> Task statement:
As you reproduce every line below, keep it exactly as written and leave out the images.

::: Dataset section :::

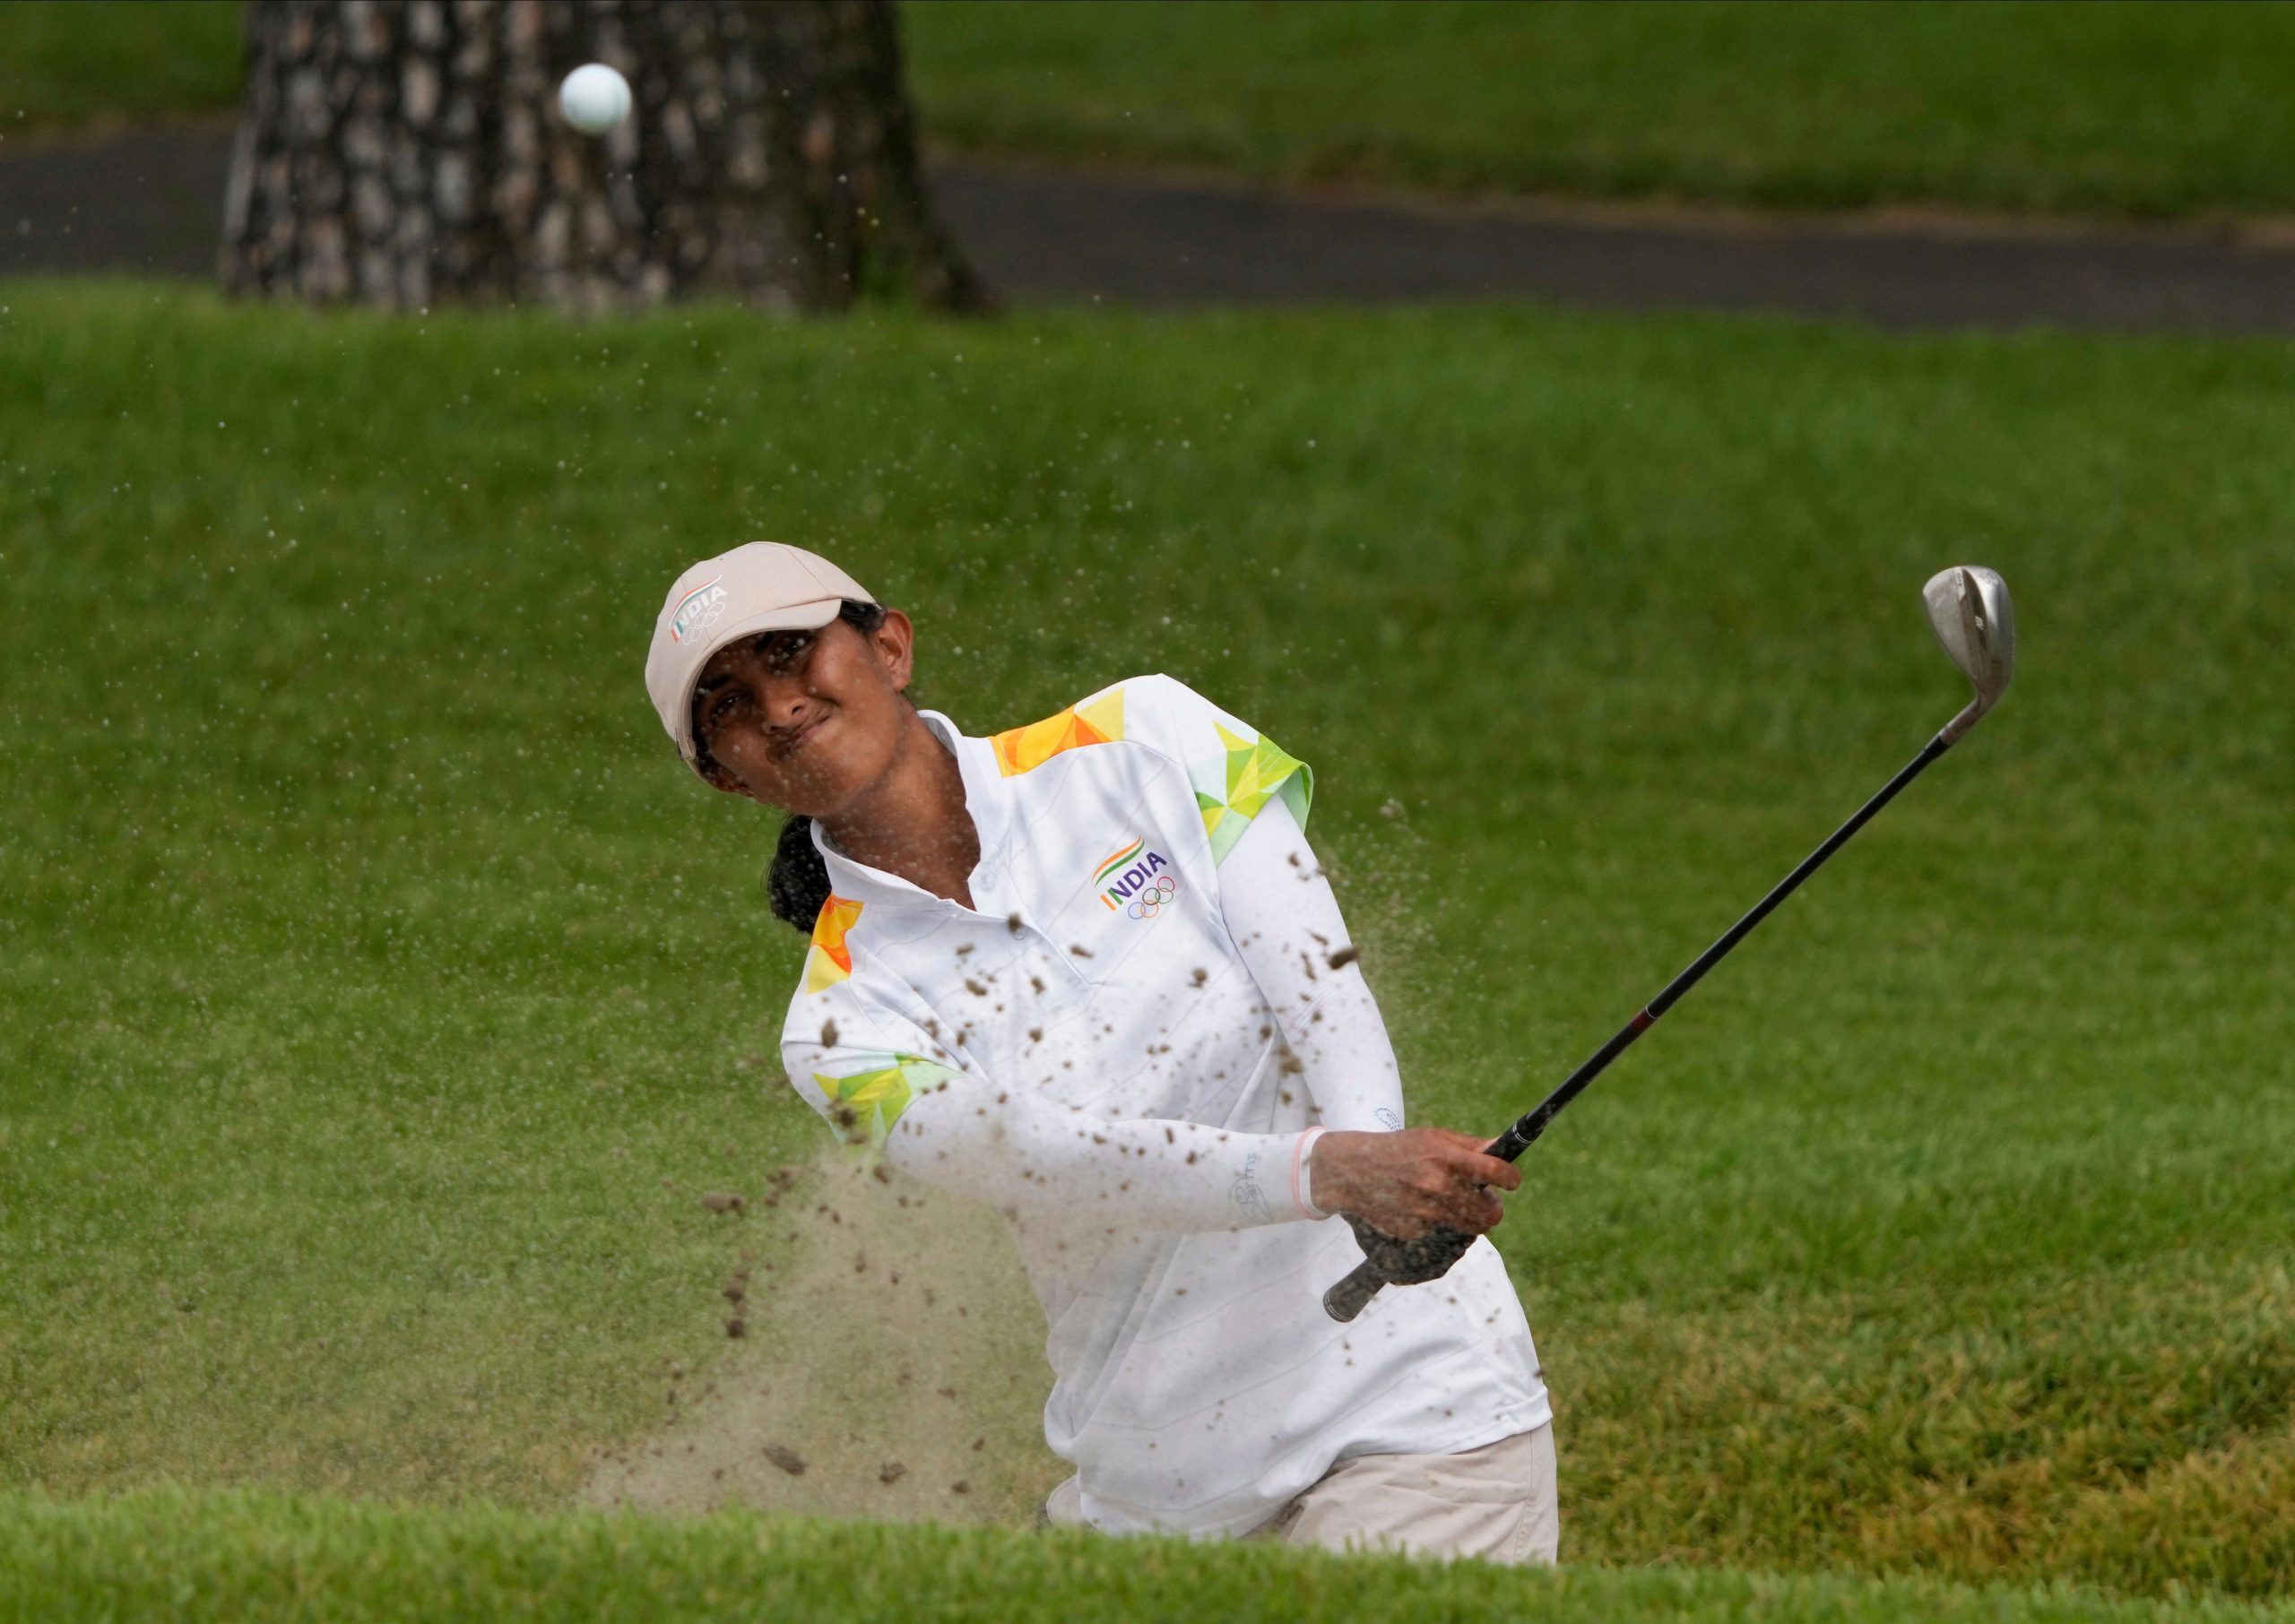 India’s Olympic golf star Aditi Ashok qualifies for Women’s British Open
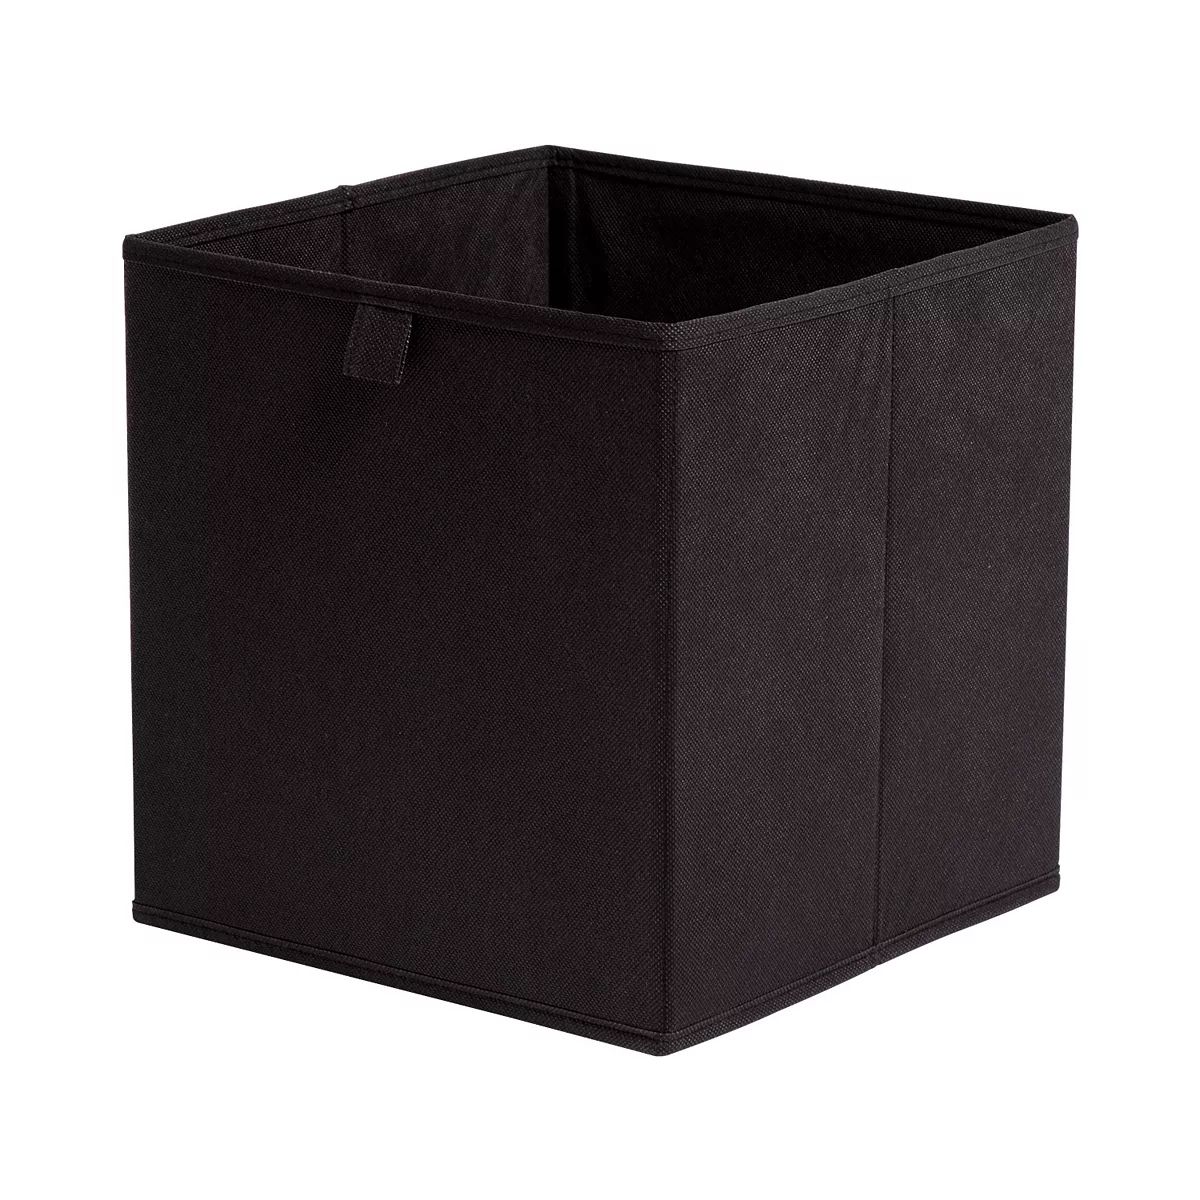 The Big One® Storage Cube | Kohl's
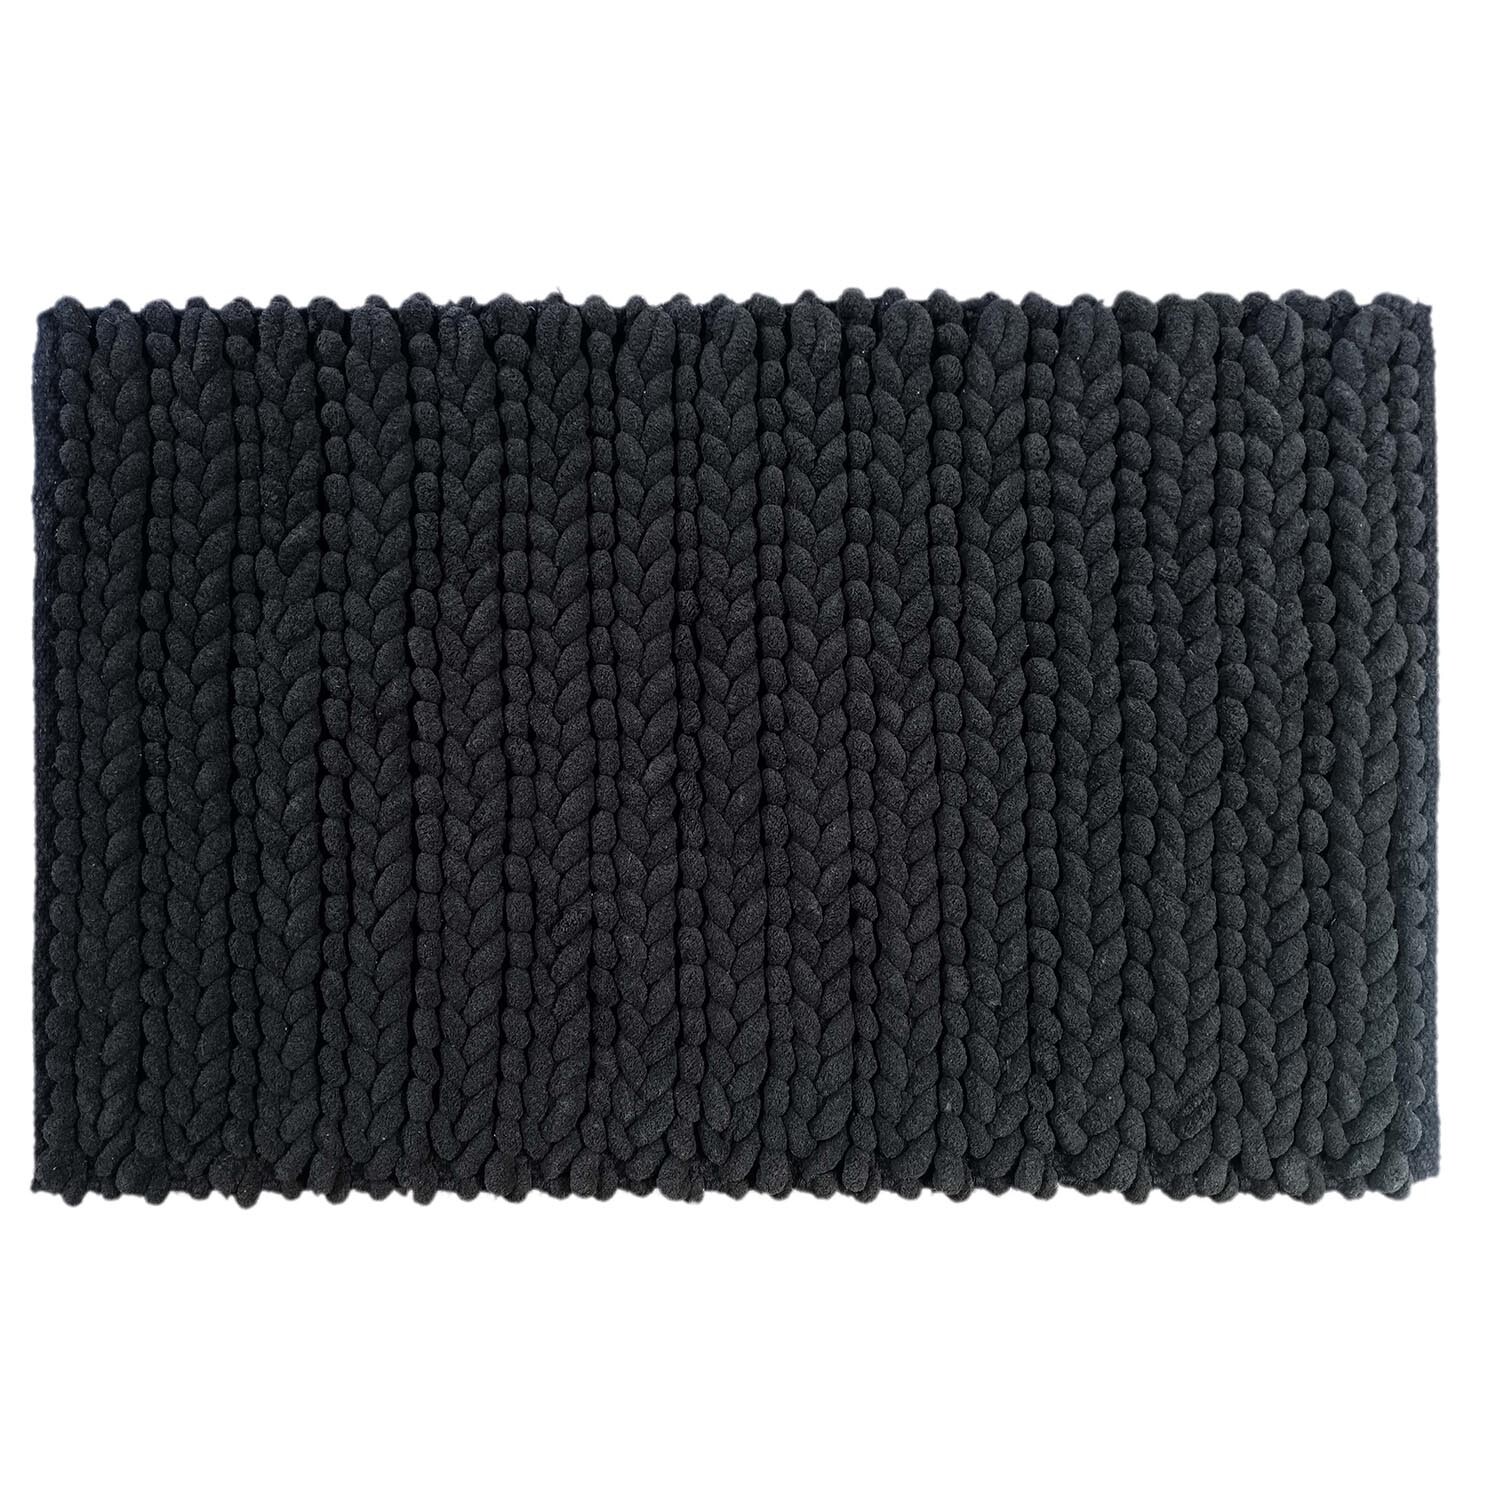 Knit Bath Mat - Black Image

:::

> Output:
 India’s Olympic golf star Aditi Ashok qualifies for Women’s British Open
 The Big One® Storage Cube | Kohl's
 Knit Bath Mat - Black Image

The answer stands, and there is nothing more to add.